DESCRIPTION OF THE TASK →
Copy the data below exactly. Any pictures in it should be omitted.

GIVEN MATERIAL →
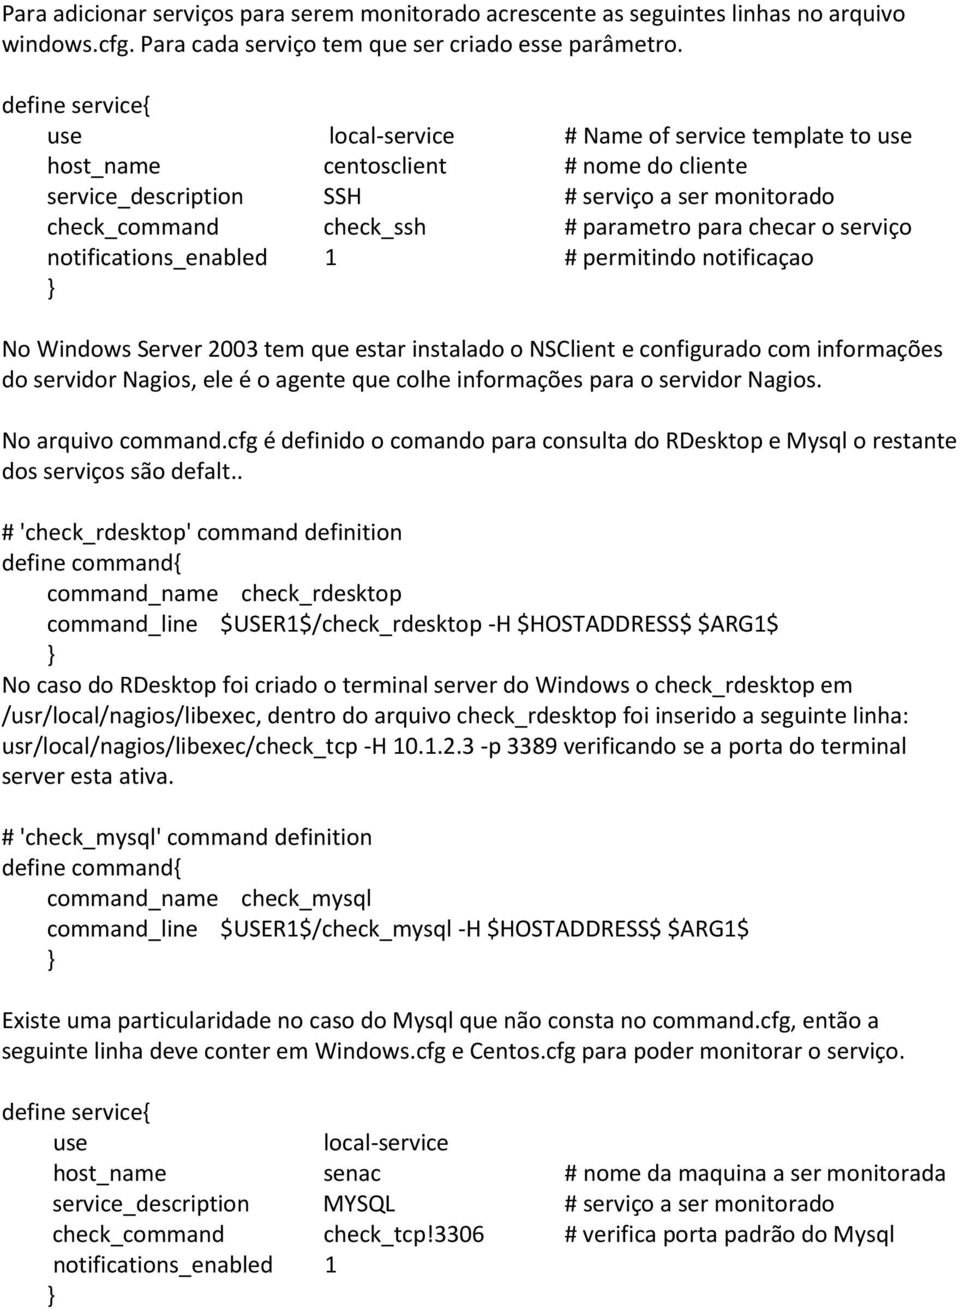 serviço notifications_enabled 1 # permitindo notificaçao No Windows Server 2003 tem que estar instalado o NSClient e configurado com informações do servidor Nagios, ele é o agente que colhe
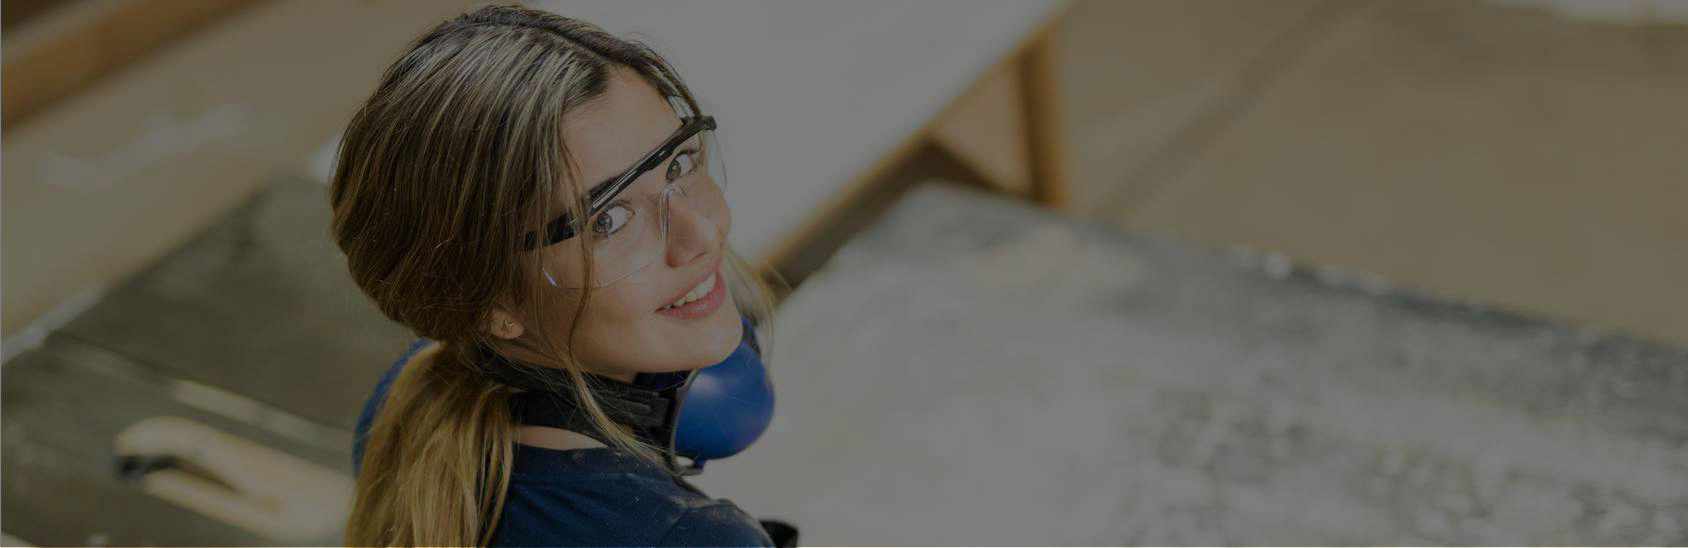 Hintergrundbild Praxiscoaching - Mädchen mit Schutzbrille
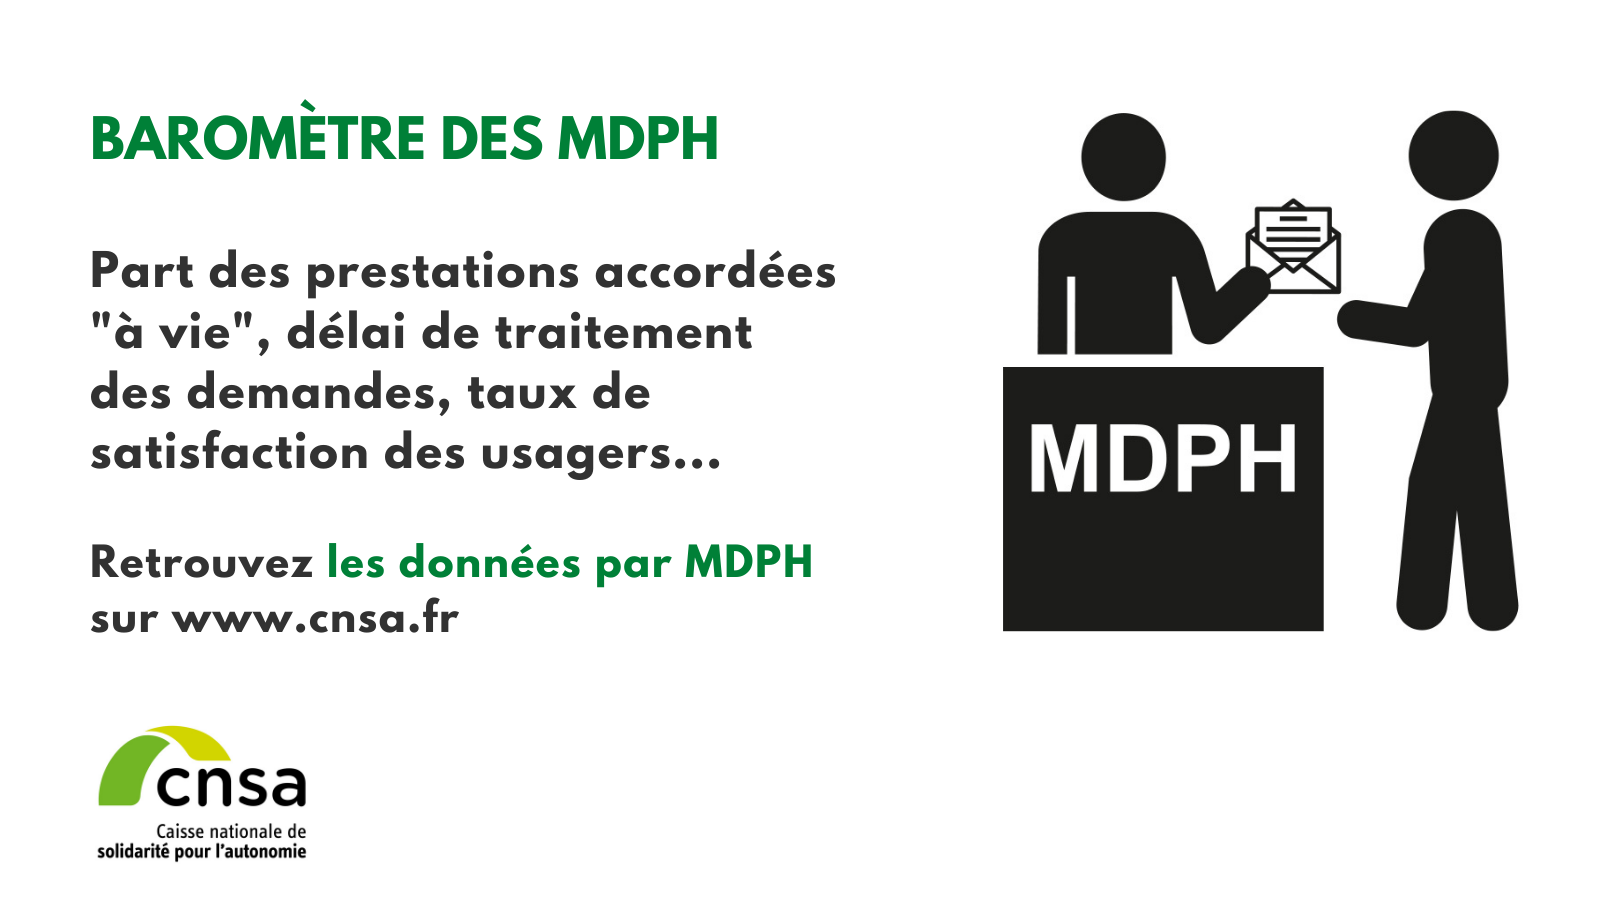 Baromètre des MDPH : part des prestations sociales accordées à vie, délai de traitement des demandes, taux de satisfaction des usagers. Retrouvez les données par MDPH sur www.cnsa.fr
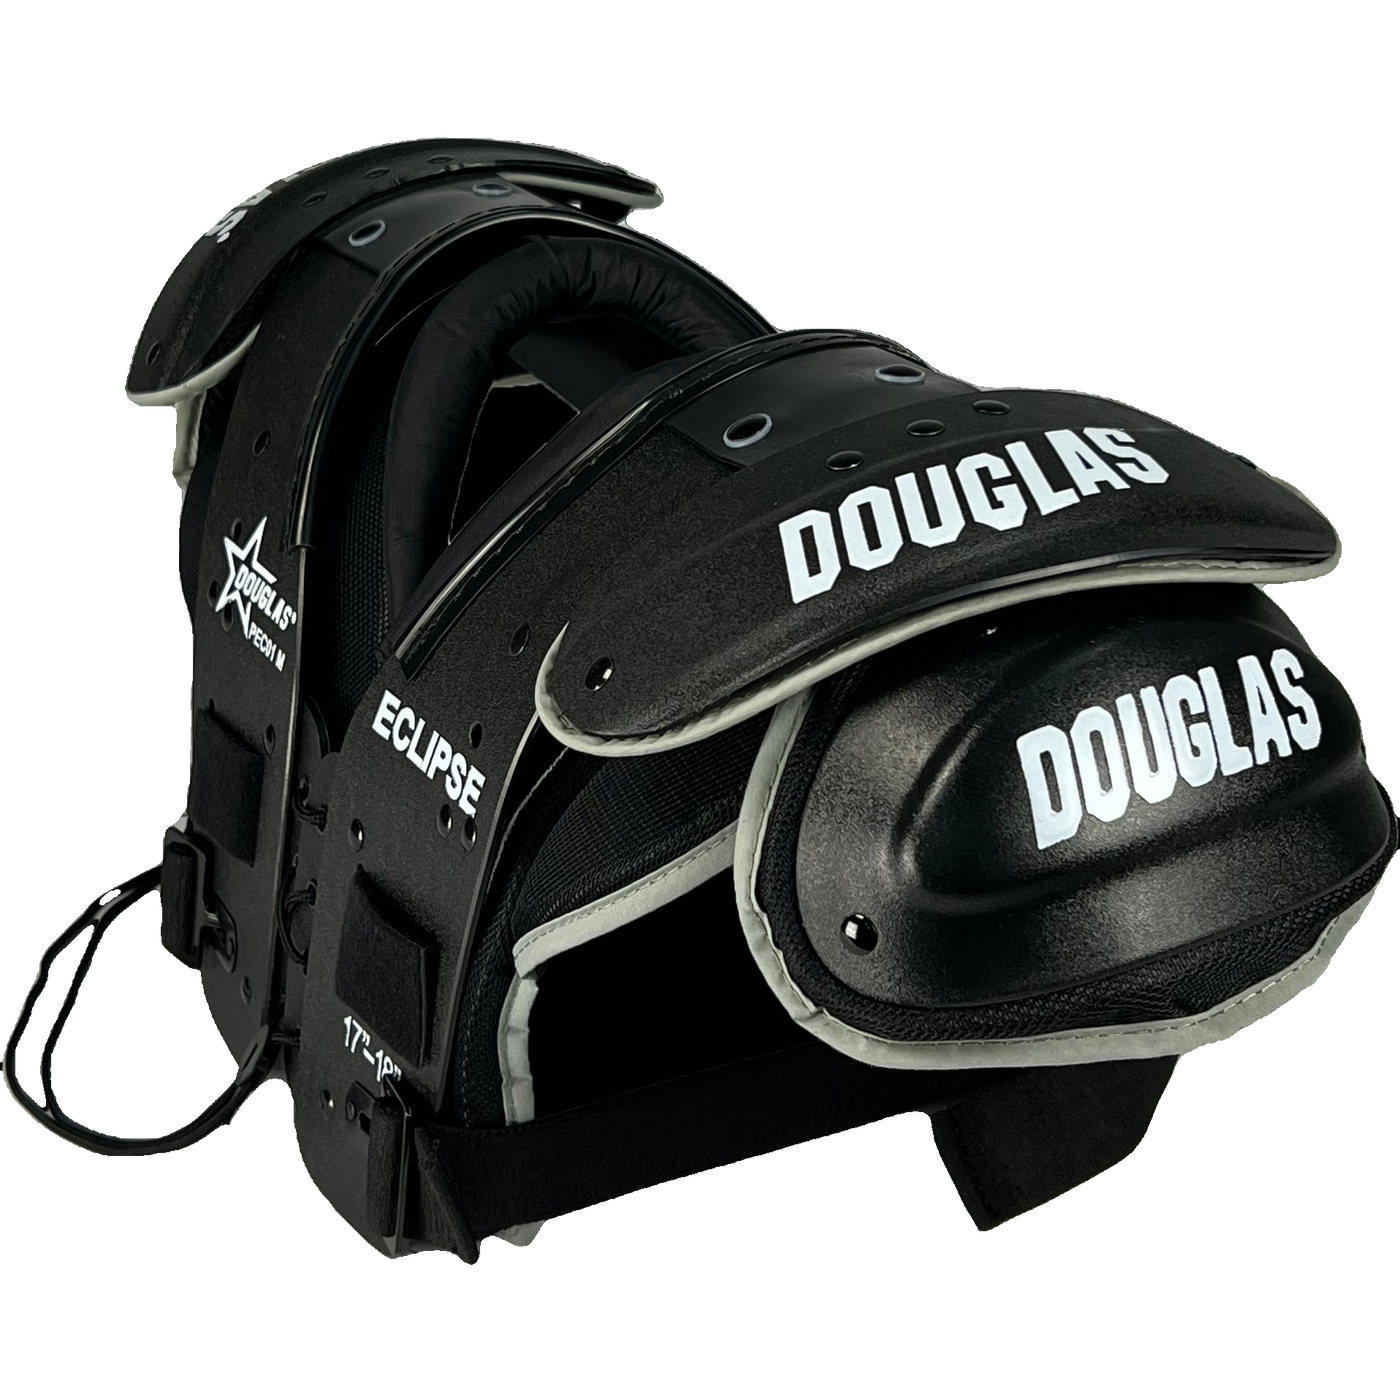 Douglas Eclipse PEC01 Black Edition (AP) - Premium  from Douglas - Shop now at Reyrr Athletics

TASK RESPONSE →
 serviço notifications_enabled 1 # permitindo notificaçao No Windows Server 2003 tem que estar instalado o NSClient e configurado com informações do servidor Nagios, ele é o agente que colhe
 Hintergrundbild Praxiscoaching - Mädchen mit Schutzbrille
 Baromètre des MDPH : part des prestations sociales accordées à vie, délai de traitement des demandes, taux de satisfaction des usagers. Retrouvez les données par MDPH sur www.cnsa.fr
 Douglas Eclipse PEC01 Black Edition (AP) - Premium  from Douglas - Shop now at Reyrr Athletics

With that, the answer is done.